> EXERCISE PROMPT: Would you return, word for word, the lines running from the one with "Zippy Moon Wallpaper by Edge-Suizo" to the final line of the listing below, pictures omitted?
*** DATA SHOWN Section Begins ***
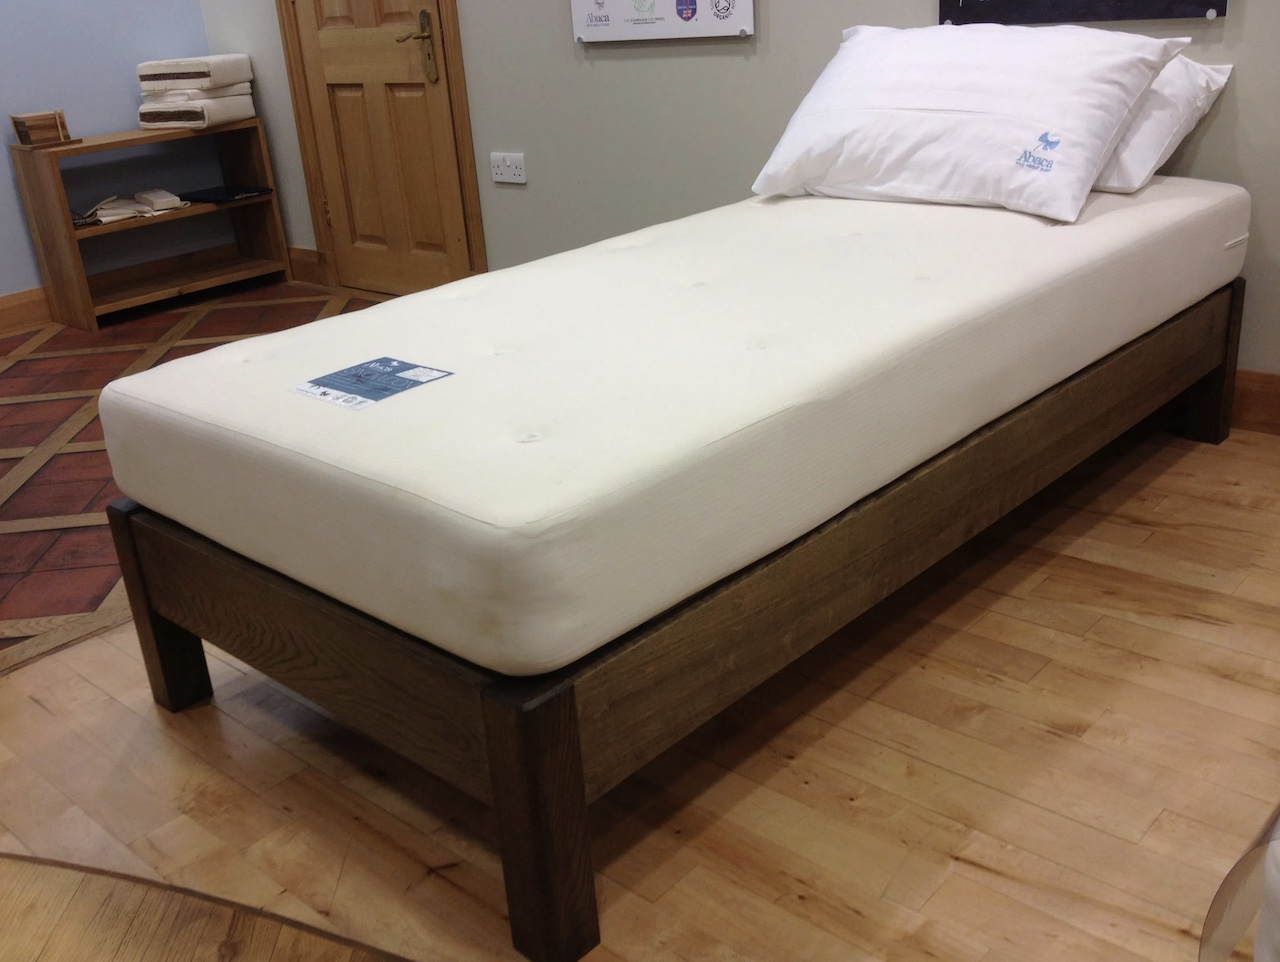 The Snowdon Abaca mattress
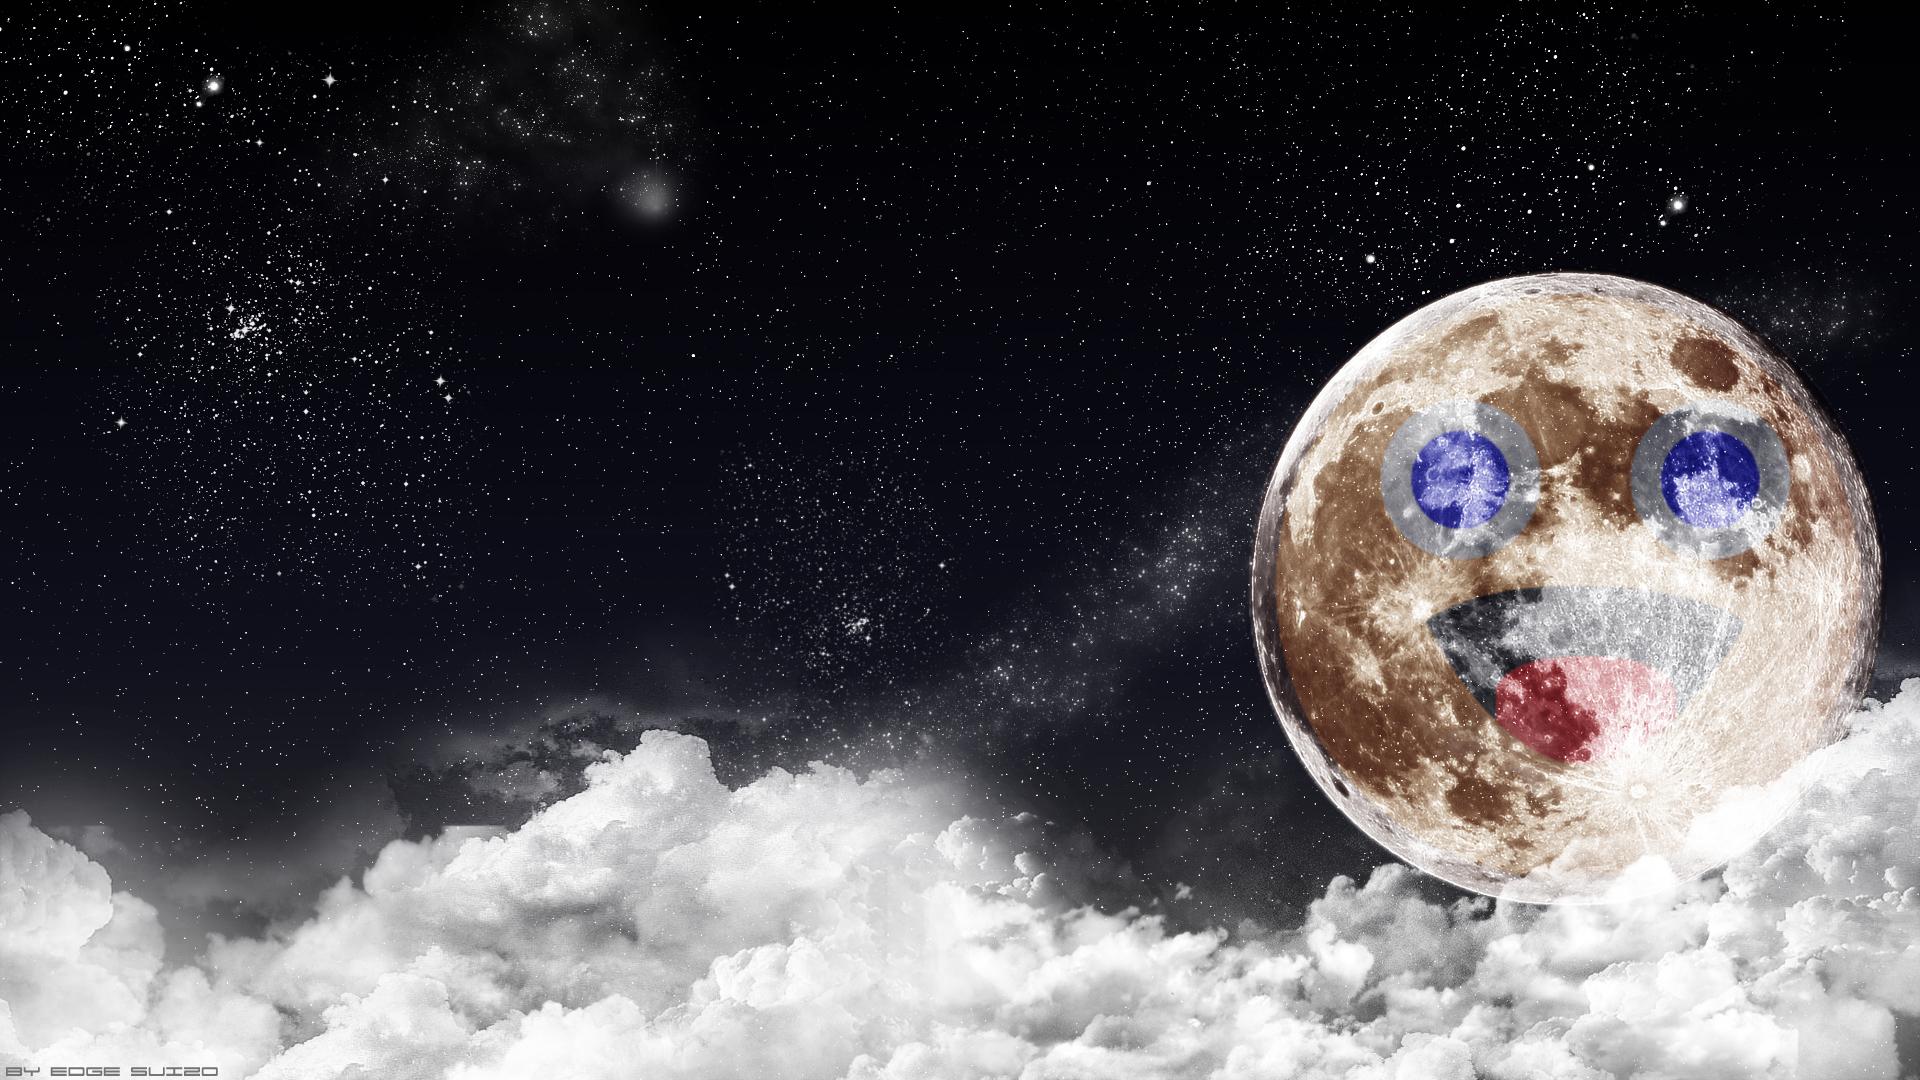 Zippy Moon Wallpaper by Edge-Suizo
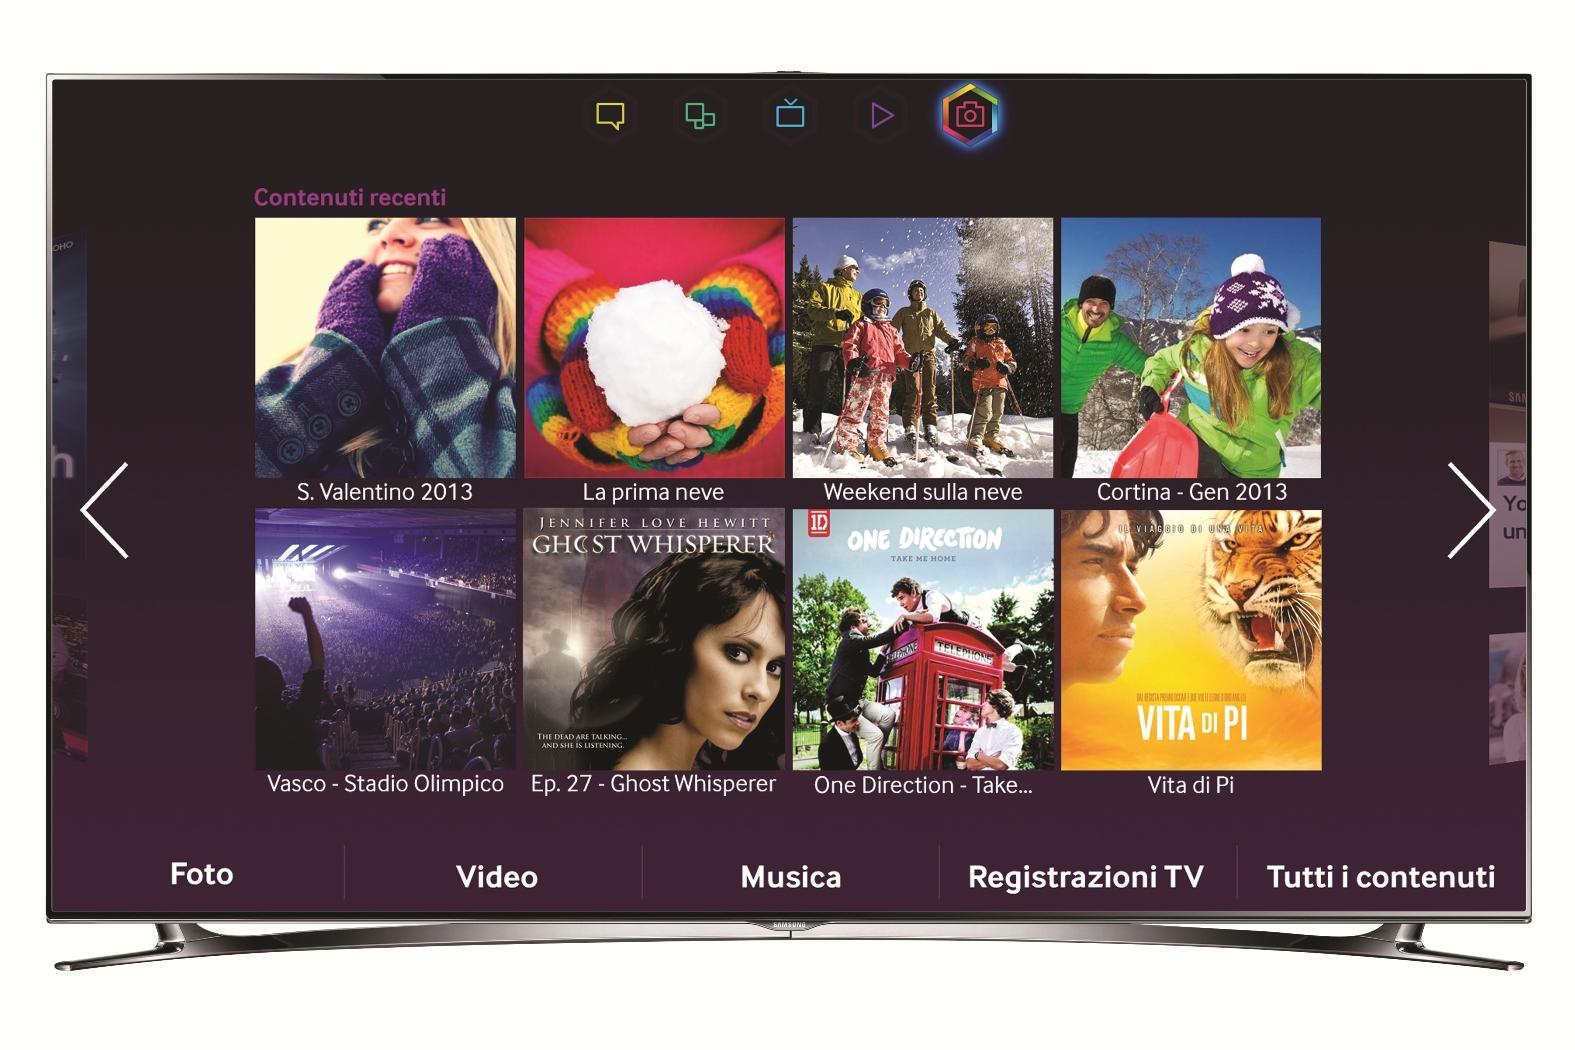 SMART TV F8000_SMART HUB_Foto, Video e Musica
*** DATA SHOWN Section Ends ***
> WRITTEN SOLUTION:
 Zippy Moon Wallpaper by Edge-Suizo
 SMART TV F8000_SMART HUB_Foto, Video e Musica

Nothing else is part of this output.